The outlook for U.S. smaller company stocks looks better than it has for many years.

January 2025, From the Field

Key Insights
  • The outlook for U.S. small-cap stocks looks better now than it has for many years.
  • The intense investor focus on large-cap tech stocks in recent years means there is a lot of pent-up energy behind an eventual reallocation, down the market cap scale.
  • Improved performance of U.S. smaller companies since the U.S. election in November could mark the start of a sustainable reallocation of assets within the U.S. equity market.

The outlook for U.S. small-cap stocks looks better than it has for many years, underpinned by a combination of attractive valuations, lower U.S. interest rates, and the pro-domestic business leanings of newly elected President Donald Trump. Importantly, the rotation into U.S. smaller companies that commenced during the fourth quarter of 2024 is potentially sustainable, with some key factors supporting this constructive view.

Supportive valuations and technical backdrop

After more than a decade of lackluster performance, U.S. smaller companies are trading at a valuation discount, both compared with history and relative to larger U.S. company peers.

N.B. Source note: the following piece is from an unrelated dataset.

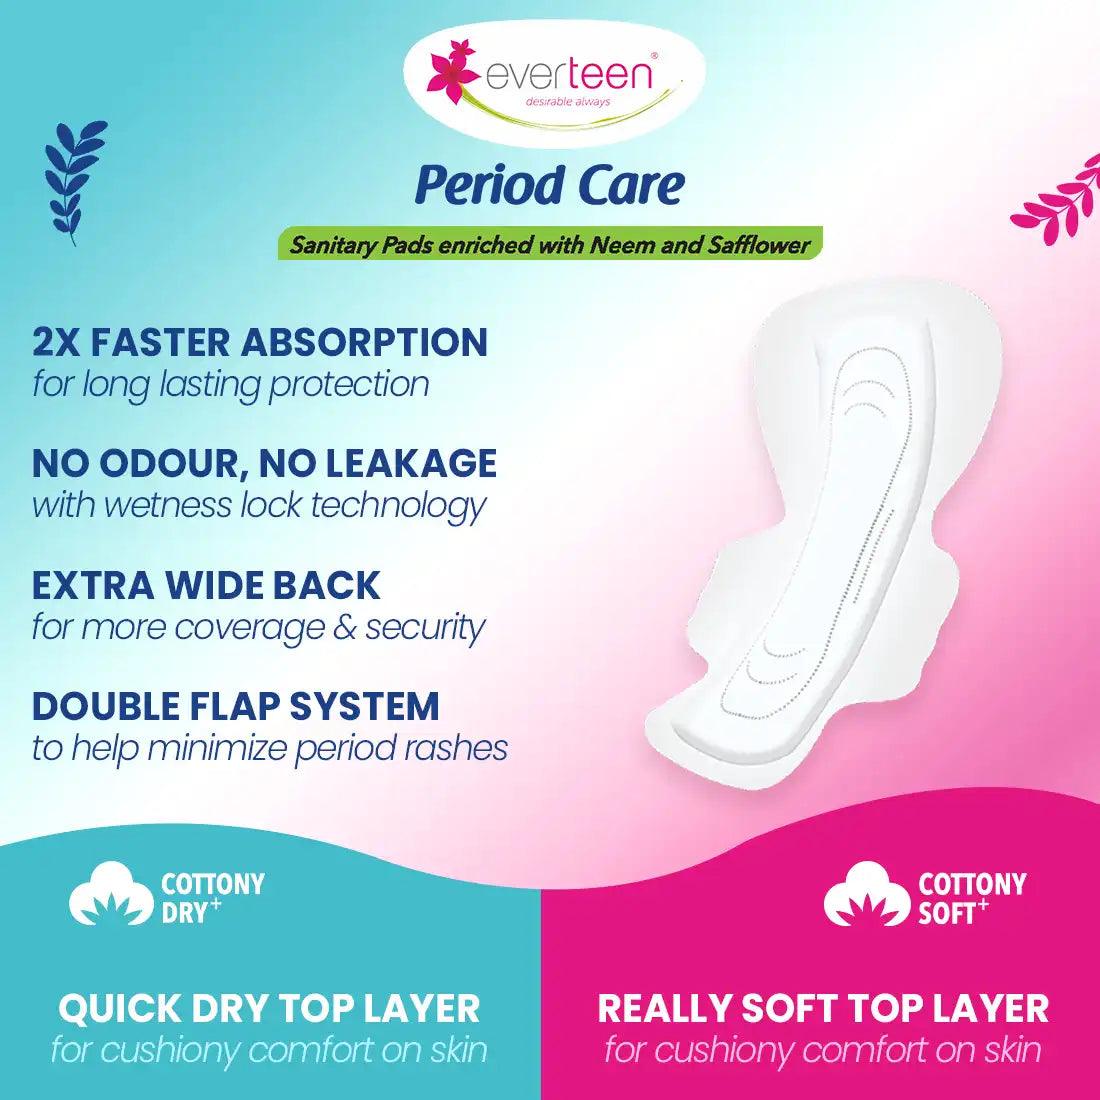 everteen Period Care XXL Sanitary Pads Offer 2X Faster Absorption, Double Flaps and Other Benefits

A great deal has been written about the “extremely cheap” relative nature of smaller company valuations generally. However, an important caveat must be added to this statement, namely that it is specifically “quality” smaller companies that appear significantly undervalued.

One of the most cited reasons for the wide valuation gap that has opened between U.S. small-and large-cap companies, is the divergence in the quality of the companies in each respective universe. Indeed, the number of negative-earning small-cap companies in the Russell 2000 Index has steadily increased in recent years and now makes up around 40% of the entire index. In comparison, negative-earning large-cap companies represent less than 10% of the S&P 500 Index.1

Quality smaller companies are trading at generationally low valuations

(Fig. 1) Top quintile U.S. smaller companies based on return on equity (ROE)
Line chart showing the historically low valuation levels of “quality” U.S. smaller companies (as defined by the top quintile of companies based on return on equity), using a forward price-to-earnings ratio calculation.

As of December 31, 2024.
Valuation measurement is based on median 12-month forward price to earnings, where return on equity (ROE) and forward price to earnings are available, excluding real estate, updated on a rolling monthly basis. This chart measures valuation differences between small-cap stocks and large‑cap stocks that rank in the first quintile of ROE in the Russell 3000 universe. ROE is used as a measure of company quality. It is calculated by dividing the last 12 months’ earnings of individual companies by the average of their book value. The Russell 3000 Index combines components of the Russell 1000 Index of large cap companies (with a market cap of more than $8 billion) and the Russell 2000 Index of small cap companies (with a market cap ranging from around $300 million to $8 billion). Sources: Russell, MSCI, Thomson/IBES, Refinitiv. All rights reserved. Analysis by T. Rowe Price. See Additional Disclosures.

However, adjusting the lens to focus only on those profitable smaller companies in the index—good businesses that have been left behind as investors have fixated on large-cap growth companies—these higher-quality smaller companies are trading at a generationally wide discount (Fig. 1).

Although the market’s concentration at the top end has worked against smaller companies in recent years, we think that we are potentially approaching a turning point, creating a technical environment that could provide a substantive impetus, over a multiyear time frame.

"Significantly, it does not take huge inflows to have a meaningful impact on the performance of the smaller companies segment."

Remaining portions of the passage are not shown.